# Pirates of the Caribbean 3D Background



## mightyevil (Oct 23, 2008)

I was inspired by Ryans125g ship in his tank, he was asking for ideas on a background and I offered to make the Pirates of the Caribbean skull logo for him as a background... Some of you may already know, I am working on a background for a 20 gallon tank for myself so I am juggling them at the same time. Also building a small stand for my 20 gallon and putting tile in my home, but the tile is just gonna have to wait :lol:

Well, to cut this short here is how I started and a sneek peek of the background...


----------



## SobrietyRocks707 (Feb 23, 2012)

Awesome! Was just reading the original post. I'm glad you're doing this, because I have been curious on this 
DIY background stuff. Only, I want rocks and caves... But I am the Least artistic person I know :lol:

Anyway, this looks great so far. What are you using to shape that skull? Sand paper?

opcorn:


----------



## mightyevil (Oct 23, 2008)

SobrietyRocks707 said:


> Awesome! Was just reading the original post. I'm glad you're doing this, because I have been curious on this
> DIY background stuff. Only, I want rocks and caves... But I am the Least artistic person I know :lol:
> 
> Anyway, this looks great so far. What are you using to shape that skull? Sand paper?
> ...


Thanks! Yeah, knife, soldering tool and sand paper.


----------



## SobrietyRocks707 (Feb 23, 2012)

Right on. Gonna have to give this a shot. Foam is cheap :thumb:


----------



## DanniGirl (Jan 25, 2007)

* Mightyevil*, it looks great! :thumb:


----------



## mightyevil (Oct 23, 2008)

DanniGirl said:


> * Mightyevil*, it looks great! :thumb:


Thank you!

I can't wait to go home and work on it some more. I think I am going to remove the skull from the rest of the styro and work on it as a separate piece to be able to shape it more easily and then adding the skull to the background. Right now I am trying to get the basic shape and make references of where the details go, that is by no means anything close to what it should look like, it is like a brainstorm, if that makes sense...


----------



## zquattrucci (Apr 25, 2012)

cant wait to see it in the tank with the ship reck


----------



## mightyevil (Oct 23, 2008)

So, I think I shaved a little too much off the top of the skull, I will probably use some pond foam to make it better but that stuff is very difficult to shape. Should have made the whole skull bigger so I could detail it better but then I dont think the rest of the background would have fit the tank...

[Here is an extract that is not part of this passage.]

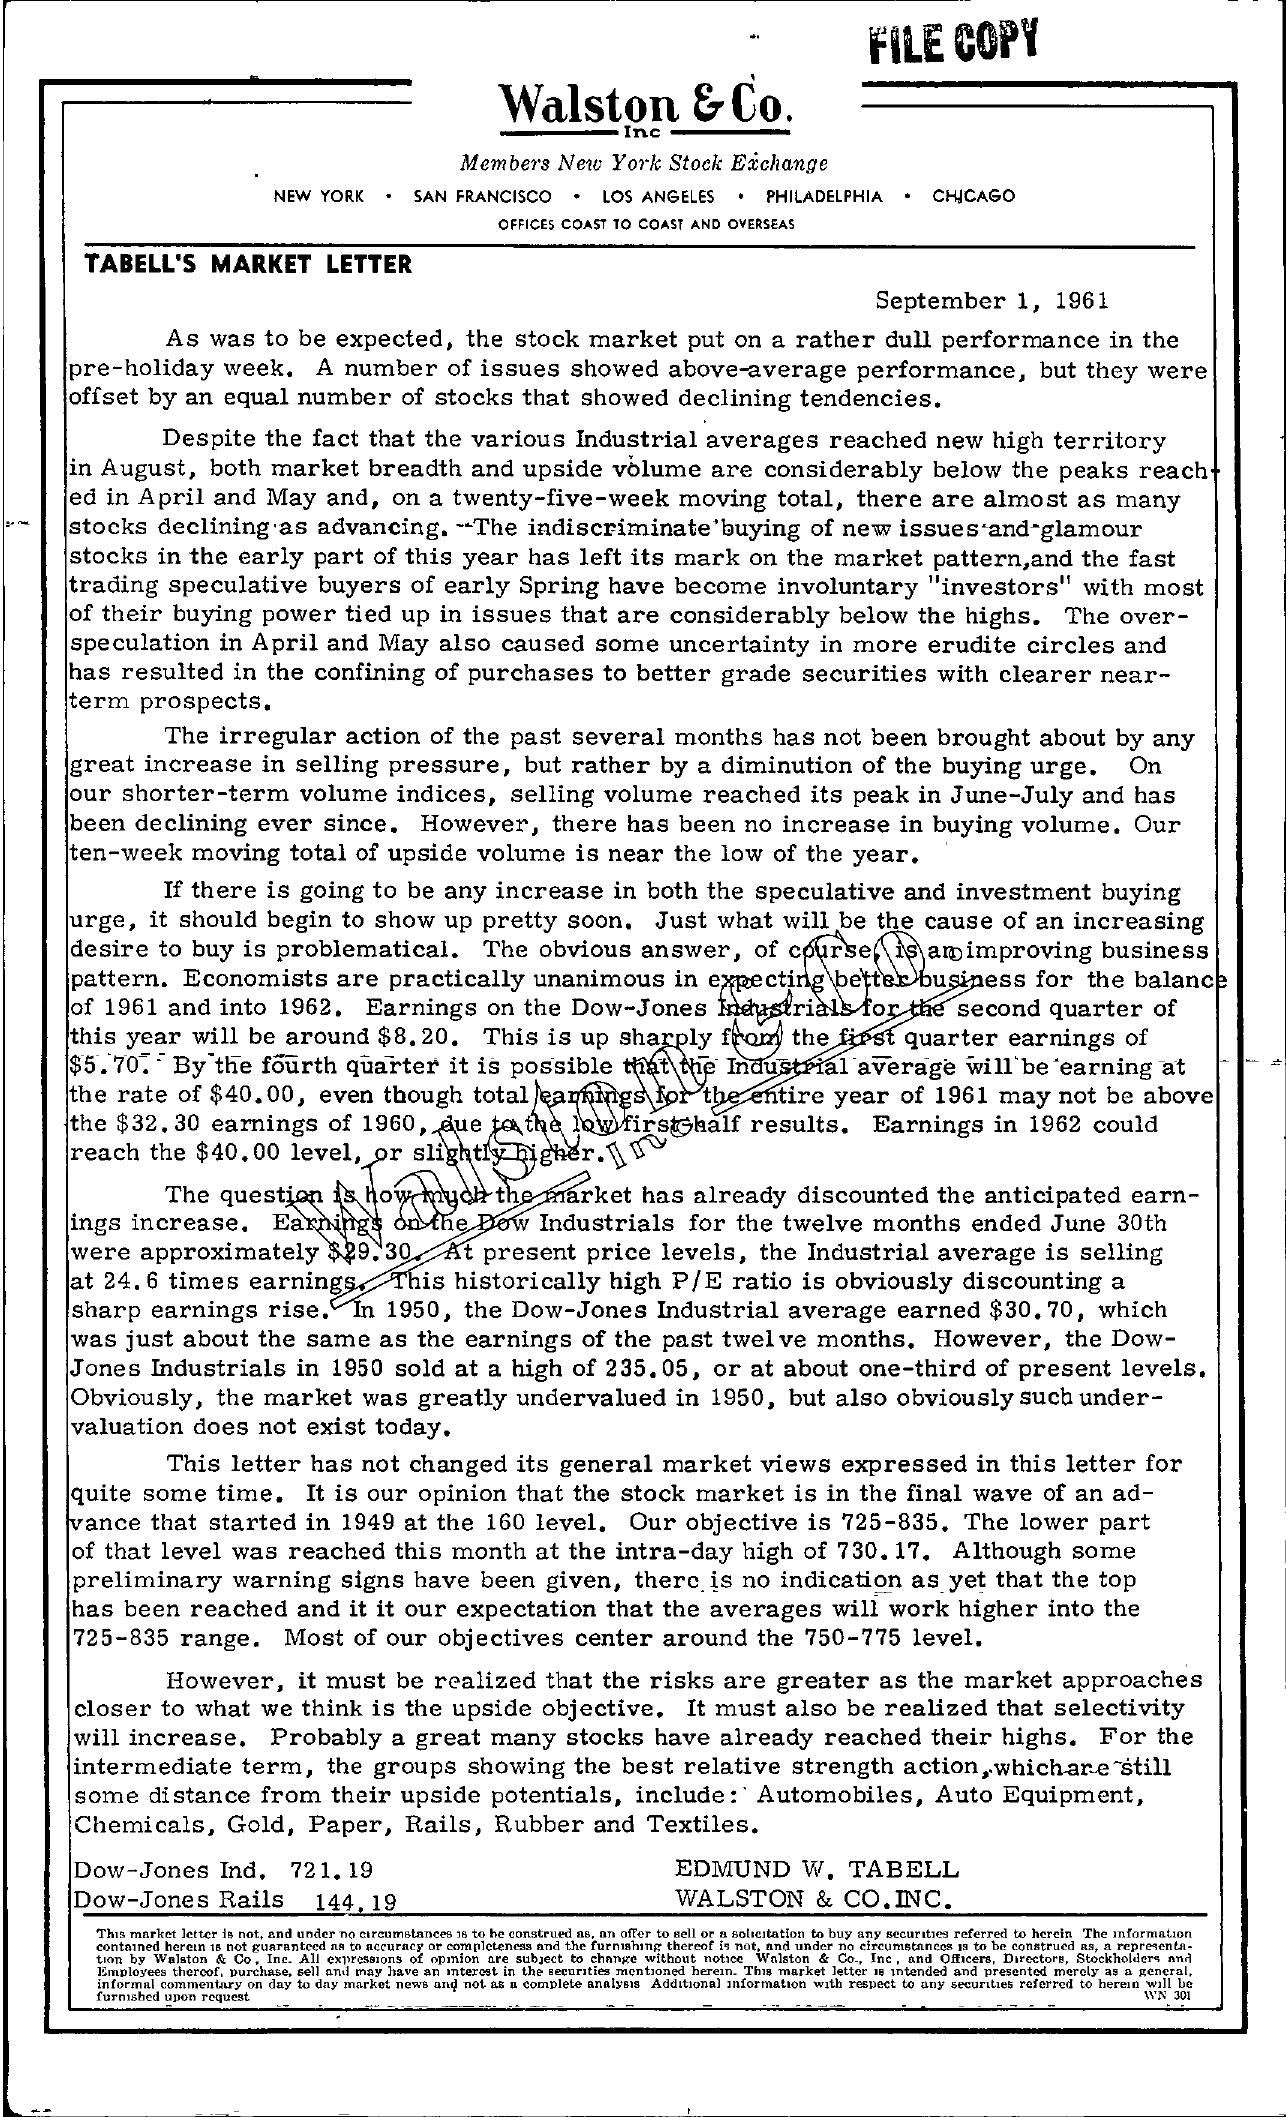 Tabell's Market Letter - September 01, 1961

Here are the updated pictures... the black pond foam really messes with how it looks, gonna go put some colored drylok on it so it can be seen better.


----------



## mightyevil (Oct 23, 2008)




----------



## meowstan (Apr 13, 2012)

That looks very nice! I agree with Sobriety, I want to try a rocky backgrouns too. but drawing stick people is a challenge. My kids are pretty artistic, maybe they can help me make one for a 55 I picked up earlier this week. I fot goes well, I would then do my 150.

P.S. I watched that same comedy special last nite.


----------



## rp-photo (Sep 22, 2011)

needs red LED's in the eye's ...... just my opinion ... looks good


----------



## SobrietyRocks707 (Feb 23, 2012)

mightyevil said:


>


This is awesome..... opcorn: opcorn: opcorn: opcorn: opcorn:


----------



## mightyevil (Oct 23, 2008)

meowstan said:


> That looks very nice! I agree with Sobriety, I want to try a rocky backgrouns too. but drawing stick people is a challenge. My kids are pretty artistic, maybe they can help me make one for a 55 I picked up earlier this week. I fot goes well, I would then do my 150.
> 
> P.S. I watched that same comedy special last nite.

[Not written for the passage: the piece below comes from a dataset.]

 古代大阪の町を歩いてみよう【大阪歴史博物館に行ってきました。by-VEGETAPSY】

Thank you! Yeah, I am a biotope type of guy too. LOL, just use a reference picture to guide you, doesnt necessarily have to look the same but it will help. Best of luck!

Oh, and the comedy special was too funny! What a coincidence...



SobrietyRocks707 said:


> mightyevil said:
> 
> 
> > rp-photo said:
> ...


 Thanks!



rp-photo said:


> needs red LED's in the eye's ...... just my opinion ... looks good


Yeah, I definitely thought about that but that will be up to the owner to put in, again, what a coincidence...


----------



## Gags (Mar 23, 2012)

Now waiting for you to finish it and out that in tank.


----------



## rp-photo (Sep 22, 2011)

when your done ....

you can make me a 48" long and 10" high styro rock feature lol

edit: well not full maybe like 32"


----------



## SobrietyRocks707 (Feb 23, 2012)

rp-photo said:


> when your done ....
> 
> you can make me a 48" long and 10" high styro rock feature lol


 :thumb:


----------



## ryans125g (Jul 18, 2011)

wow so far so good looks pretty crazy im so siked i could bearly sleep this weekend


----------



## zquattrucci (Apr 25, 2012)

that looks better and better every time i see it keep up the good work im siked to see it in that tank


----------



## mightyevil (Oct 23, 2008)

Thanks guys! I had things going on this weekend including mothers day so no updates but will try to get back to working on it tonight.


----------



## ryans125g (Jul 18, 2011)

Wow awesome job so far great lookin


----------



## meowstan (Apr 13, 2012)

Any updates? I am anxious to see the final product!


----------



## mightyevil (Oct 23, 2008)

Sorry, no new updates yet. I have been a little busy with other projects but I will try to continue this again soon.


----------



## zquattrucci (Apr 25, 2012)

dang you had my hopes up when i seen that this thred was finly see it


----------